TL;DR: this is a stack overflow caused by large array on stack, so enlarge stack size using ulimit -s <stack size in KB>
Incident
An error occurred when processing raw baseband data of a radio telescope using dspsr:
$ dspsr -b 4194304 -D 56.716 -A -L 1.073741824 -c 1.073741824 -O ${file}_128 -e rf -F 128:D ${file}.bin -U 4096
Only single polarization detection available
dspsr: Single archive with multiple sub-integrations
dspsr: dedispersion filter length=131072 (minimum=8192) complex samples
dspsr: 128 channel dedispersing filterbank requires 33554432 samples
dspsr: blocksize=330382096 samples or 4096 MB
dsp::Fold::choose_nbin WARNING Requested nbin=4194304 > sensible nbin=2097152. Where:
sampling period = 0.000256 ms and
requested bin width = 0.000256 ms
dsp::Archiver::finish archive '13835058401541322426_128.rf' with 1 integrations
62305 Segmentation Fault (Core dumped)
Analyze
Recompile dspsr & psrchive with debug info (CFLAGS=-g
, CXXFLAGS=-g
), then run with gdb, segmentation fault is again triggered:
Program received signal SIGSEGV, Segmentation fault.

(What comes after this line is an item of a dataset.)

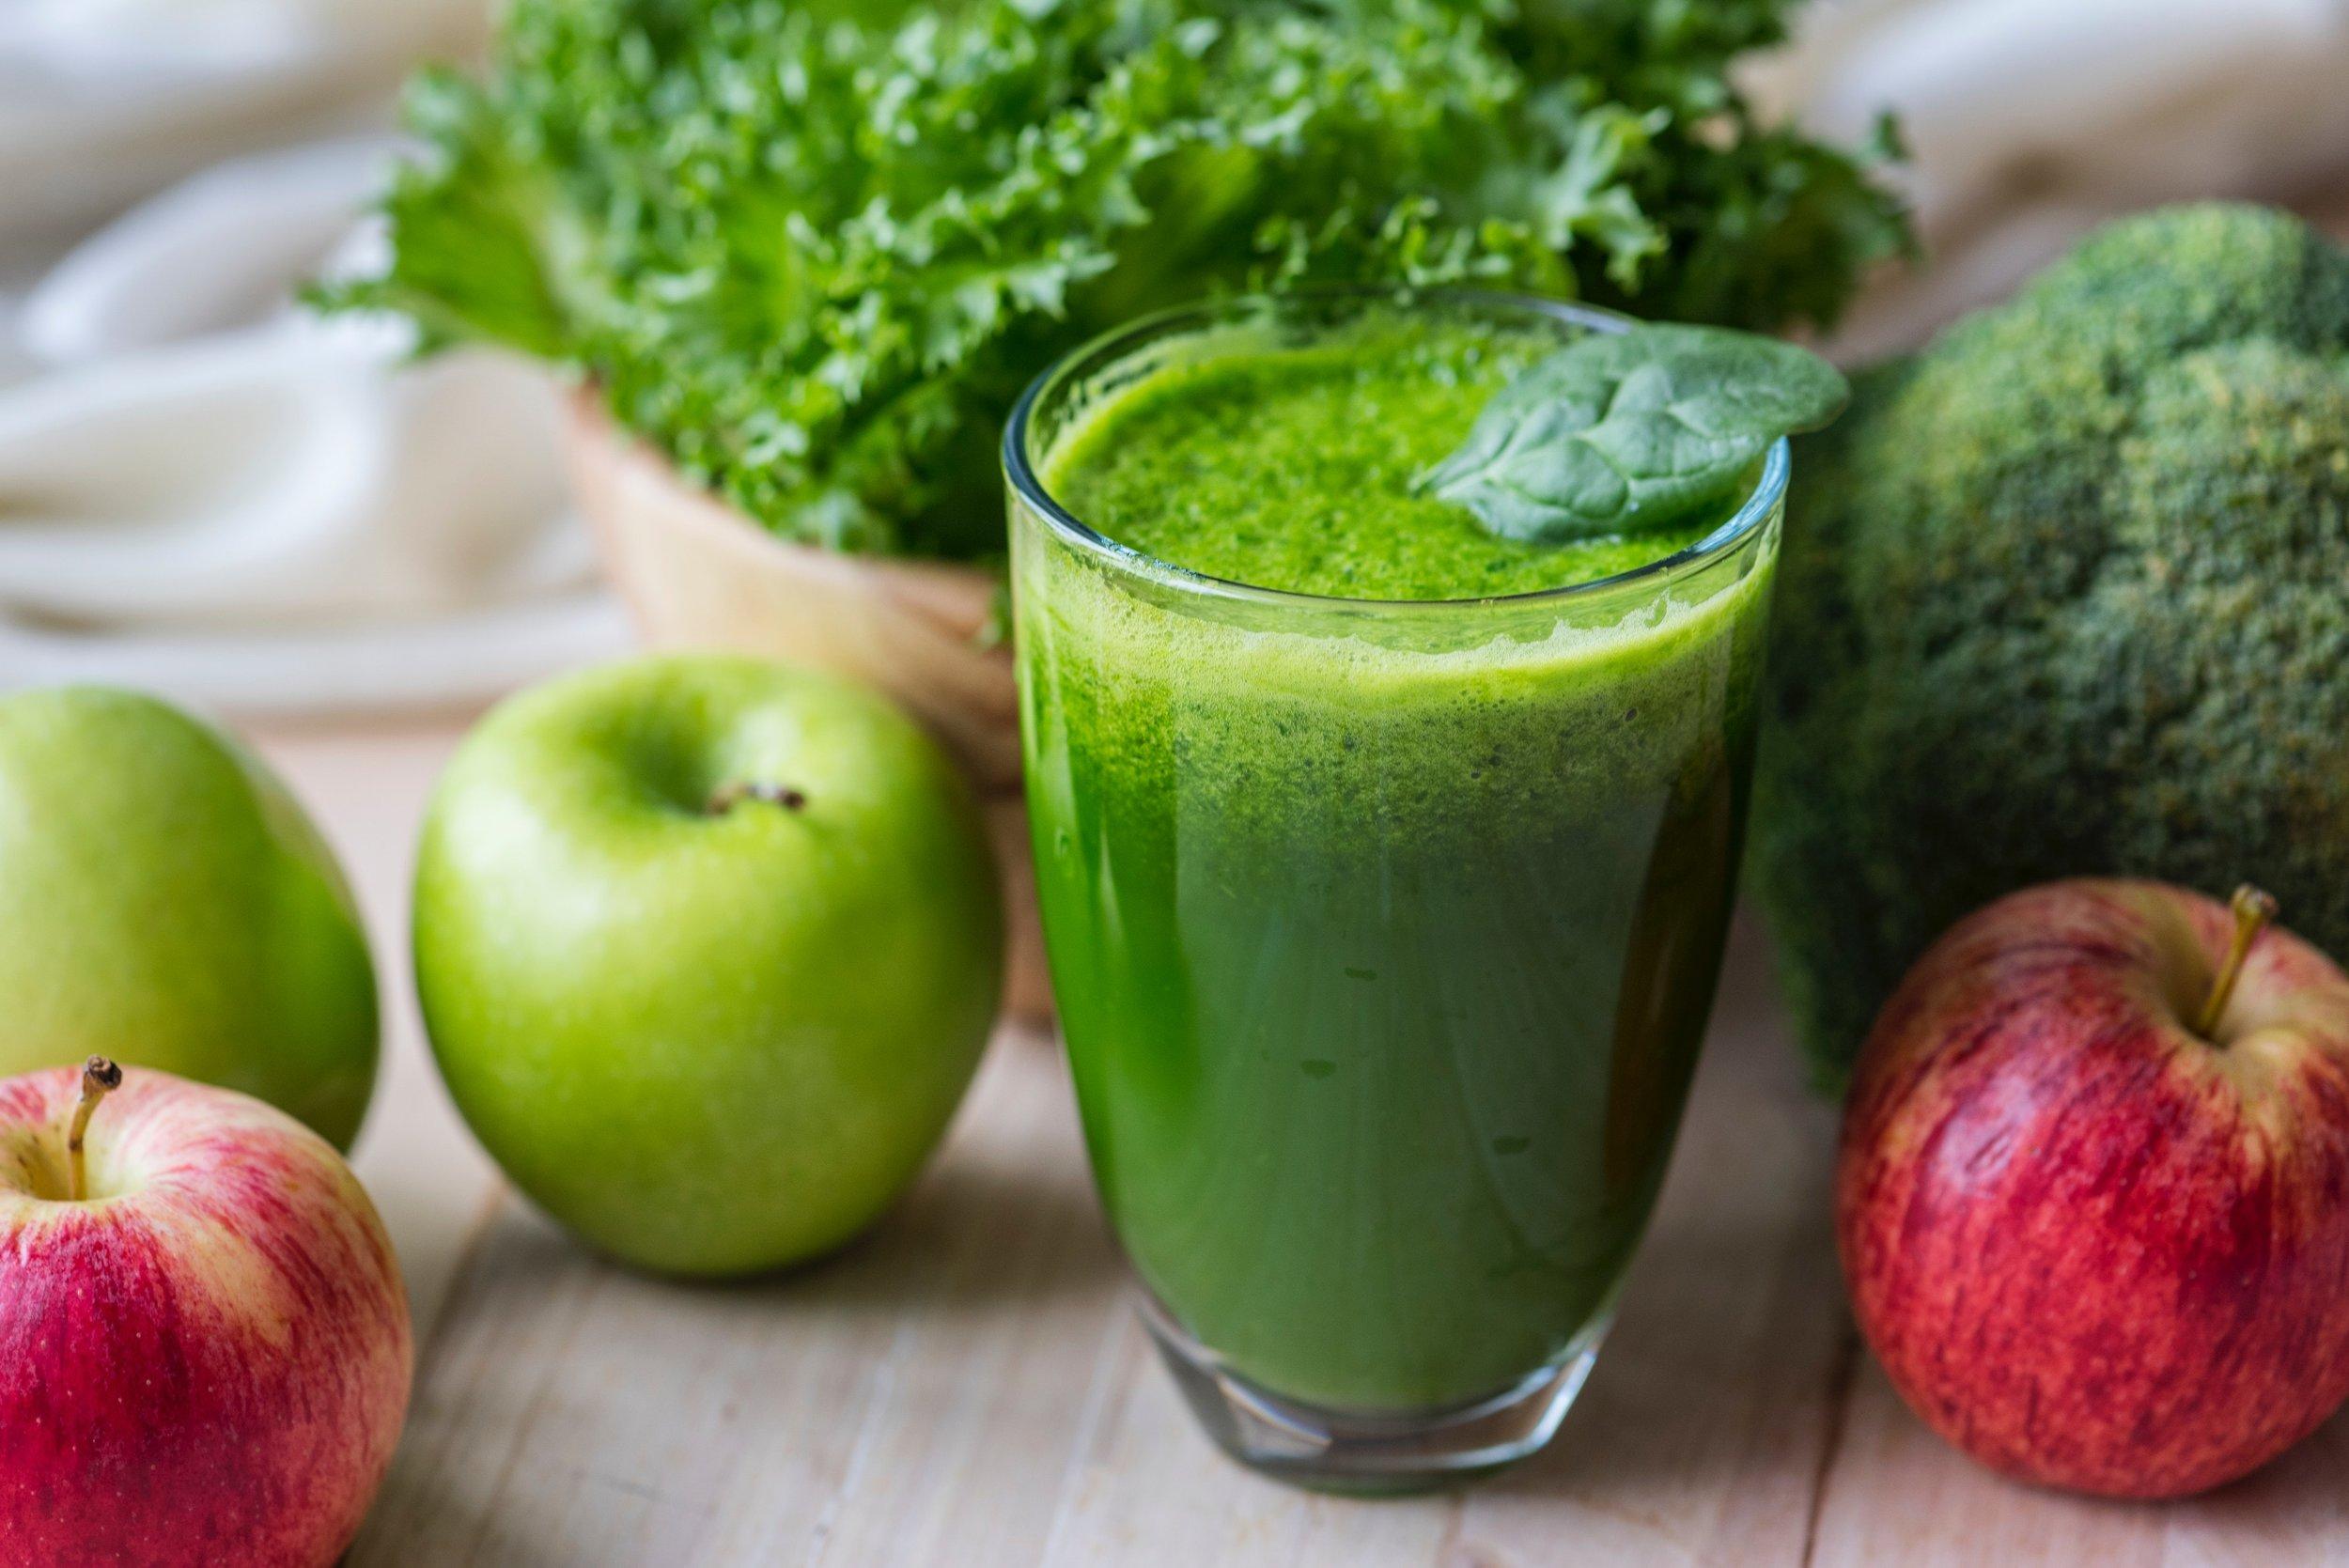 diet-fresh-green-detox-1171552.jpg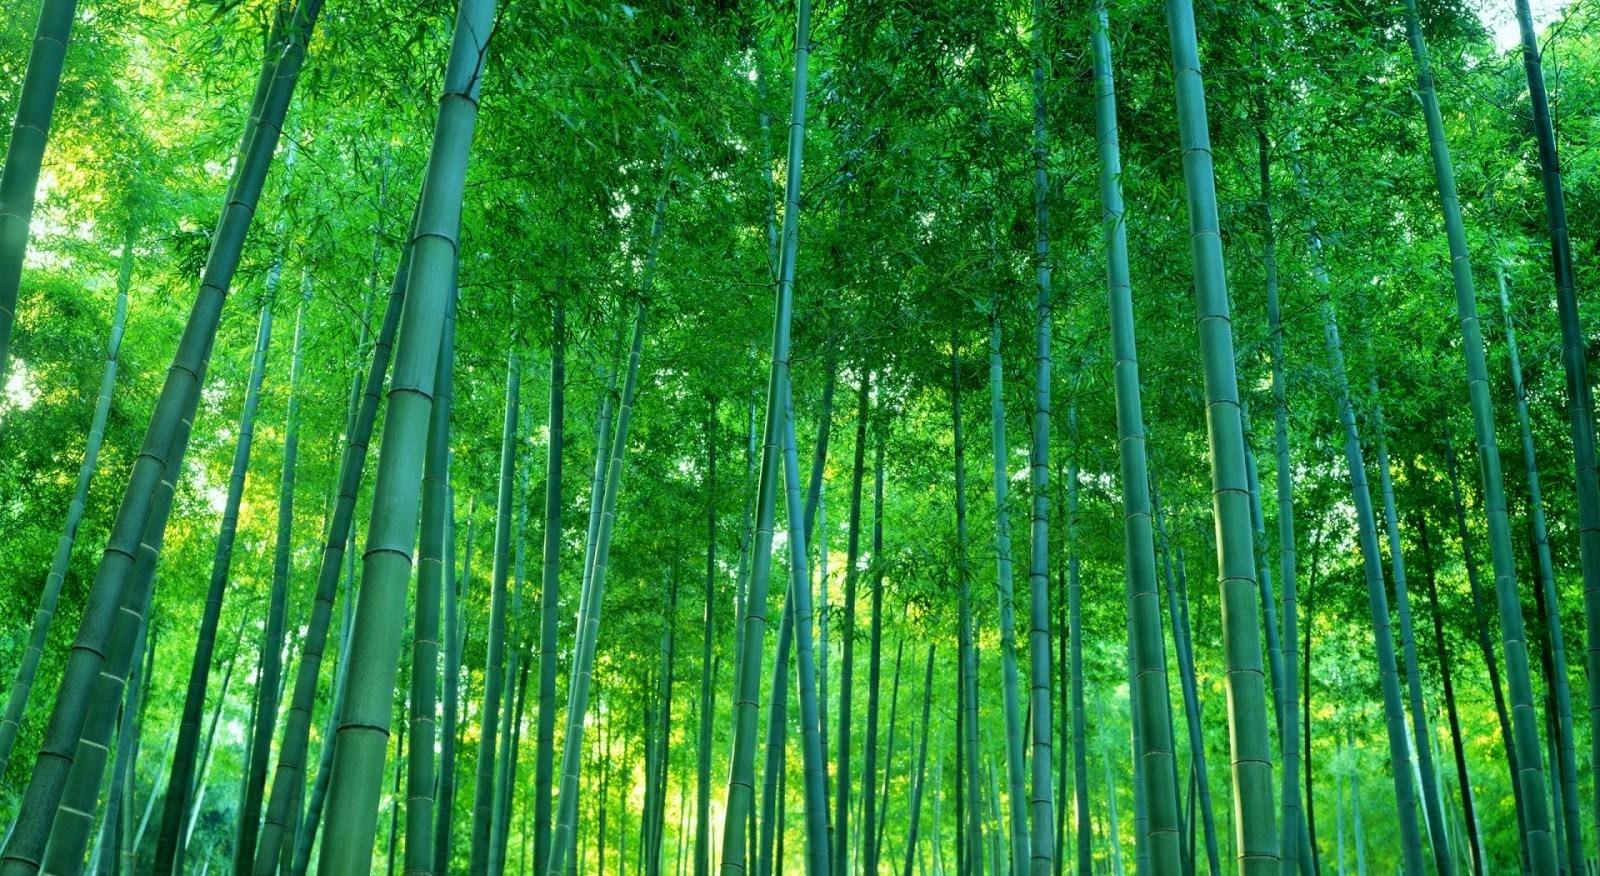 Hình ảnh rừng tre xanh

0x00000000008188d4 in fcompwrite (nvals=4194304, vals=0x7fffd193c010, fptr=0xcb5be0) at fcomp.C:103
103 if (scale == 0.0 || isnan(scale)) {
=> 0x00000000008188d4 <+433>: call 0x4fdc93 <_ZSt5isnanf>
with registers
(gdb) info reg
rax 0x4a3c0d03 1245449475
rbx 0x7fffffffd500 140737488344320
rcx 0x10 16
rdx 0xfffffc 16777212
rsi 0x7fffd193c010 140736709509136
rdi 0x400000 4194304
rbp 0x7fffffffd560 0x7fffffffd560
rsp 0x7fffff7fd500 0x7fffff7fd500
r8 0x400000 4194304
r9 0x0 0
r10 0x400000 4194304
r11 0x0 0
r12 0x0 0
r13 0x7fffffffdc50 140737488346192
r14 0x0 0
r15 0x0 0
rip 0x8188d4 0x8188d4 <fcompwrite(unsigned int, float const*, _IO_FILE*)+433>
eflags 0x10202 [ IF RF ]
cs 0x33 51
ss 0x2b 43
...
Weird, why calling isnan()
gives segmentation fault? But it seems indeed faulty:
(gdb) print isnan(scale)
Cannot access memory at address 0x7fffff7fd47f
the only thing that may link to this address is rsp = 0x7fffff7fd500
, but then what?
… if know little about x86 assembly
Scanning the code, one array definition is noticed:
unsigned short int packed_buf [nvals];
where, in this context, nvals = 4194304
.
This array is on stack, and it is common that large array cannot fit into stack (depending on runtime configuration), so maybe this segmentation fault is actually a stack overflow.
… if know a little about x86 assembly
Register rsp
is a pointer pointing to current location on stack and grows downward.
If rsp - 0x81
cannot be accessed, then it means this position is beyond stack area, so possibly a stack overflow.
Verify
This machine has a default stack size of 8 MiB:
$ ulimit -s
8192
but size of a unsigned short int [nvals]
is 2 * 4194304 = 8 MiB, so another stack frame (like calling isnan()
or whatever other function) gives segmentation fault immediately.
Solution / Expedient
Enlarge stack size using ulimit -s <stack size in KB>
before executing dspsr with these parameters.